5. You’ve busked and been a club booking agent and taught piano while working for your breakthrough. What advice do you have for aspiring performers?

As far as busking goes, just do it. It sounds cliché, but I struggled with a lot of fear. It took me a long time to submit my audition tape to MUNY, but nothing would have stopped me from just taking a keyboard into the subway and playing. So for busking, you’re never going to know if it’s right for you unless you try.

Also, your intention as a performer has to come from a pure place. If you’re not doing it for the right reasons, people sniff out the insincerity of your performance. You can tell when musicians are passionate about their art. So maybe the most important advice is to be true to yourself. If you want to push forward, spread a message or give your gift back, you have no other choice than to say what you have to say.

6. Was there a performer who made you want to become a musician?

My stepfather was my earliest influence because he taught me how to play the piano. I didn’t initially take to it. I was steeped in a lot of cool music because it was the early ’70s, so I would listen to my parents’ soul, funk, Motown, blues… a lot of great genres. My step-dad, John Seiter, was a drummer who played with the Turtles, Spanky and Our Gang, Odetta, John Sebastian, the Mothers and all sorts of great bands. I just got a glimpse of the high point of his career as he was transitioning out of it.

7. Which songwriters have influenced you the most?

Stevie Wonder is my number one. I grew up listening to Fulfillingness’ First Finale and Songs In the Key of Life, but the thing I didn’t get until I was in high school is the energy and passion he was able to convey in that music, and the idea that it had a spiritual element. He had an open channel to a higher source. As a songwriter, you are trying to be a channel. Sure, you create the song, but it is coming through you.

To keep that channel open, you need to try to stay present and awake and aware, which can be challenging. Living in the now. If you enjoy escaping through all the various escape routes — drinking, partying… Then your body’s not going to feel so good. Creatively, it’s, well, what you consume in that aspect of your life, too. What you read, what the see, what content you absorb. That all has something to do with what you produce as an artist.

8. What are you favorite albums?

My favorite albums are Songs In the Key of Life, Dr. John’s Gumbo and anything by Ray Charles. Also, anything by Billy Joel or Elton John. Their body of work is tremendous.

9. Is there something you’d like to be able to explore in a song that you haven’t?
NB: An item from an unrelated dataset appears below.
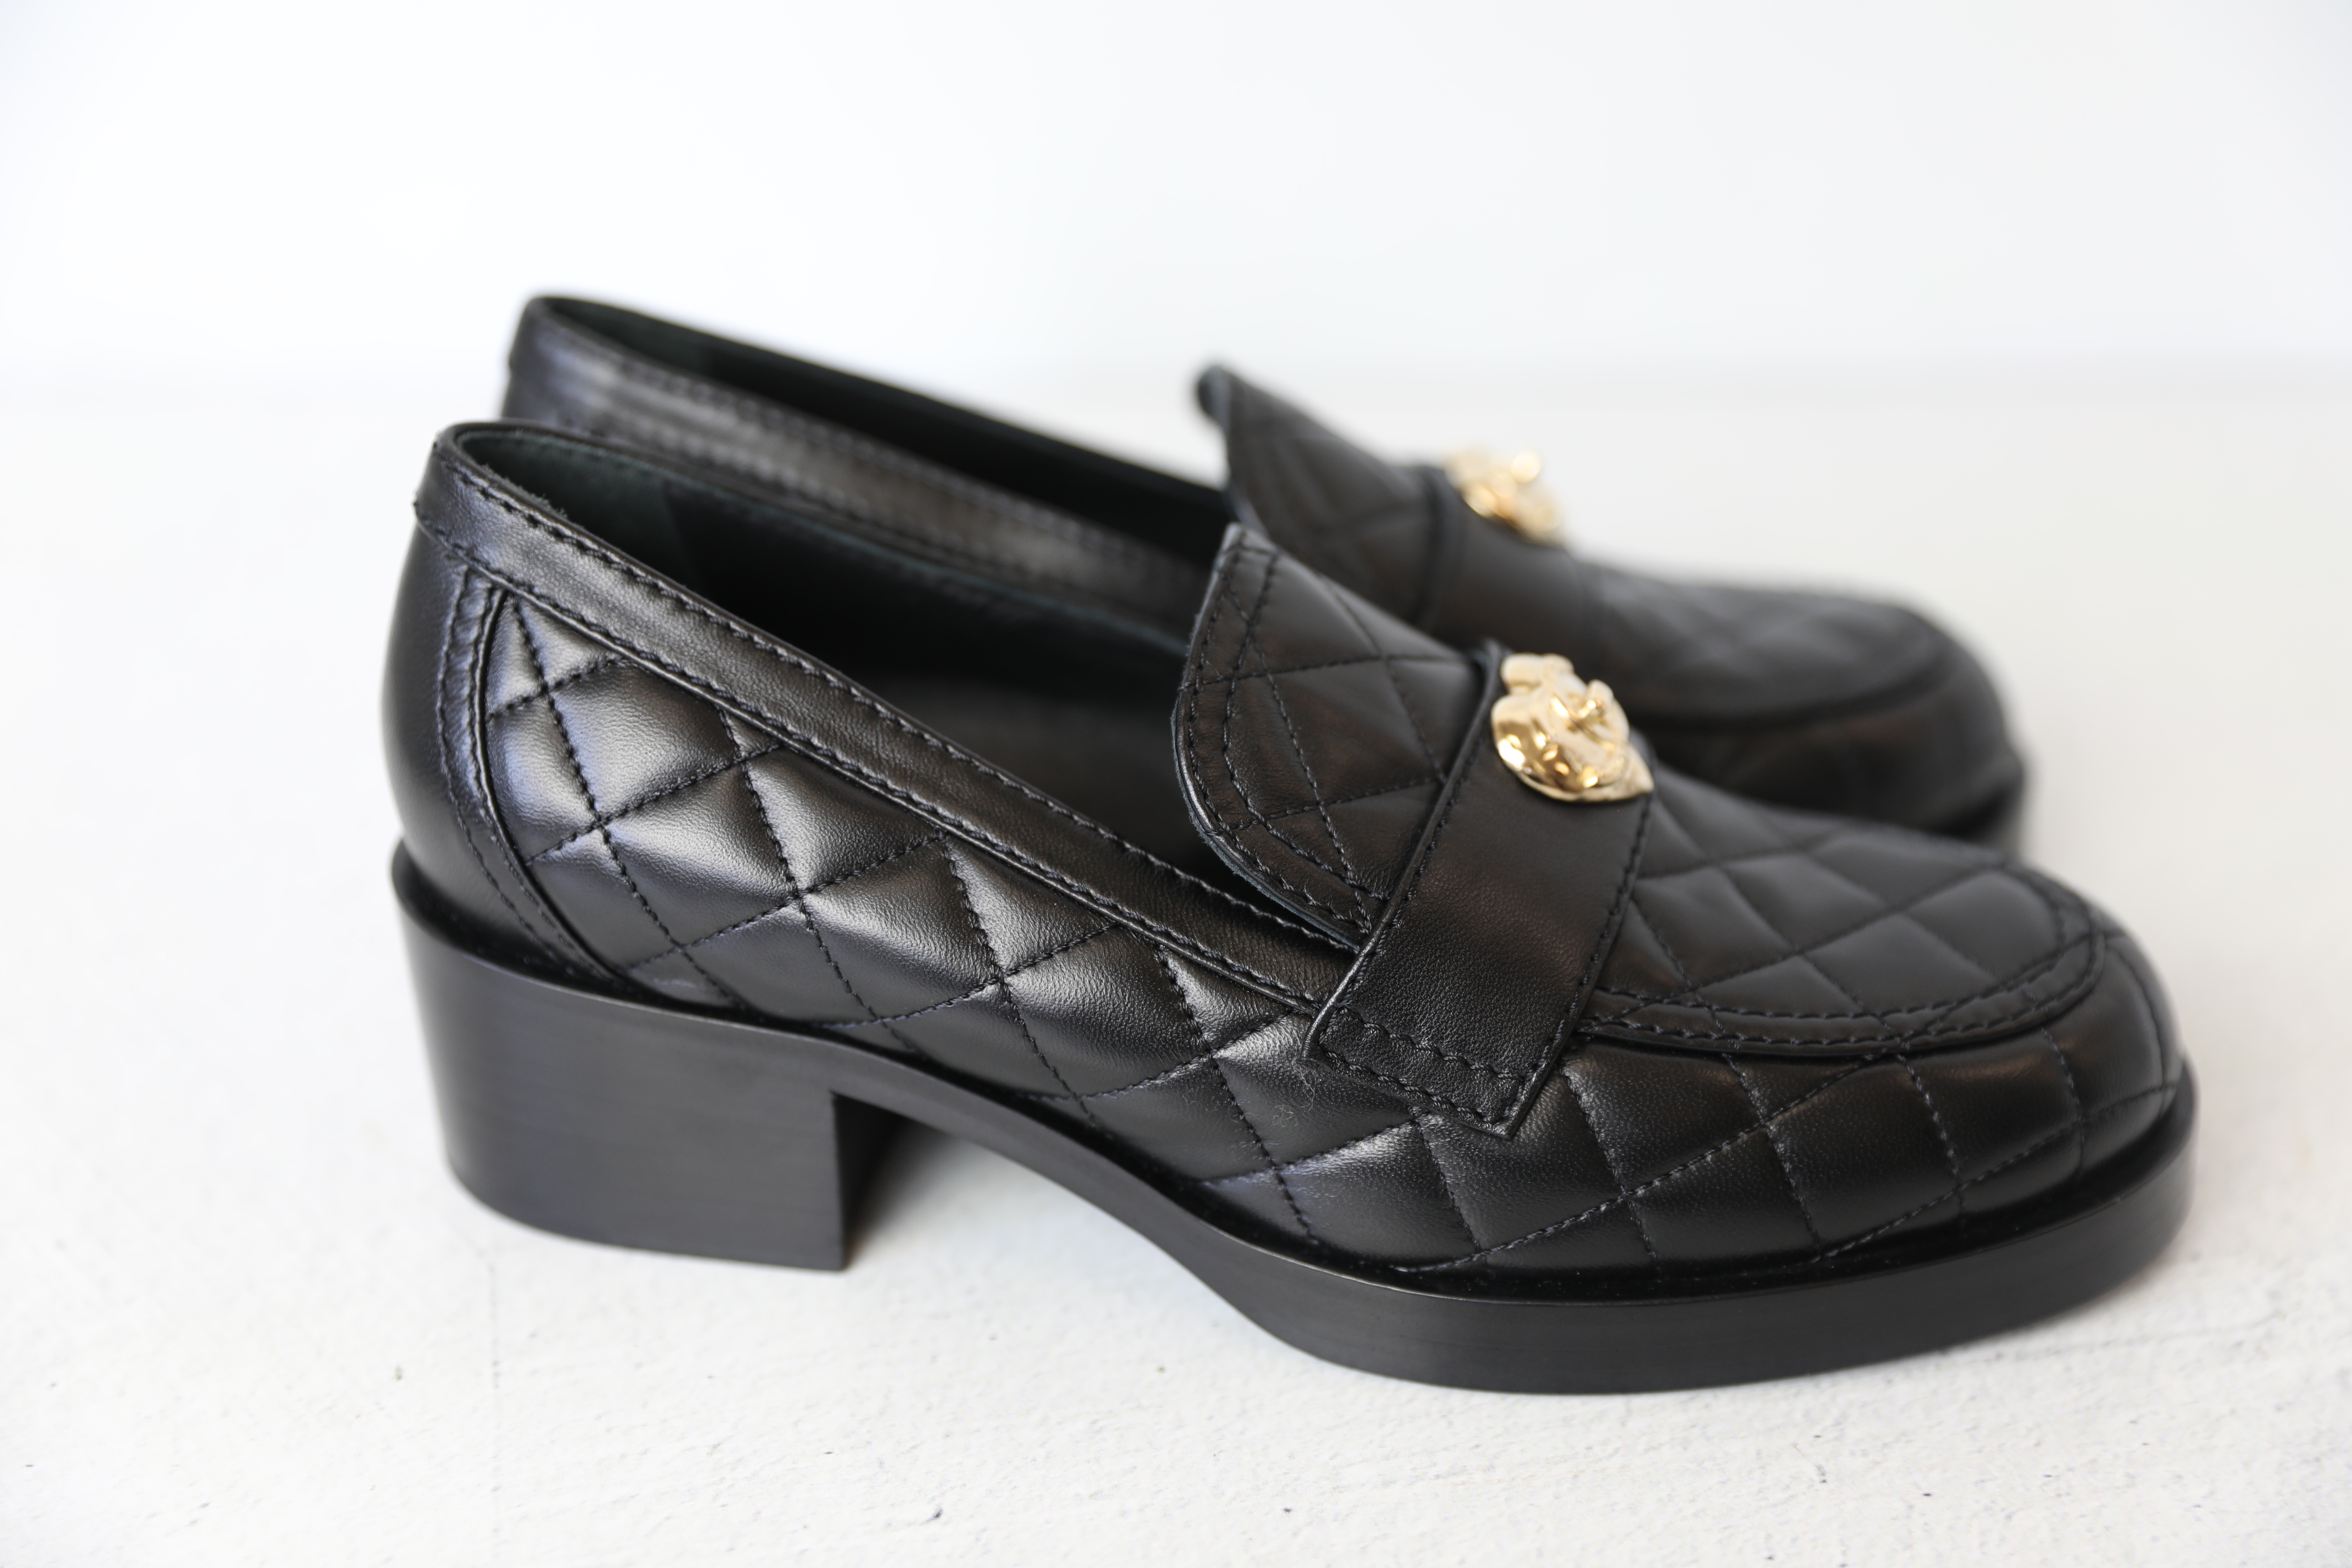 Chanel - Black Leather Loafer Pumps w/ Quilted Detail 6.5 – Current Boutique

So much. I really want to get into expressing my journey, the life I have led, and the wisdom I’ve accrued. I guess I’d like to create an autobiography of sorts in song. I feel every 10 years of my life is a lifetime in itself. I’ve had so many transformations. I was a really troubled kid and had a tough time until I emerged. All the choices I’ve made and the places they’ve led me… I’d like to capture that.

Also, I just want to rely on being a channel — being open enough to let whatever comes through come through. Billy, in one of his classes, loosely quoted Tom Waits: “You have to lie really still to wait for the big ones.” That’s hard in our society. There’s a strong current that’s the mainstream, and it’s full of garbage. You have to try not to get pulled into it.

10. Why did you choose BMI?

Because of Billy. I didn’t know anything about BMI or any of the other organizations, but since I’d just gone though a BMI songwriting course I figured I’d go with BMI. I did some research after that and found that BMI is well respected and everybody I’ve had interactions with at BMI has been really nice. The whole process has been a pleasure. I’m just getting started, but I think BMI’s services will bear fruit.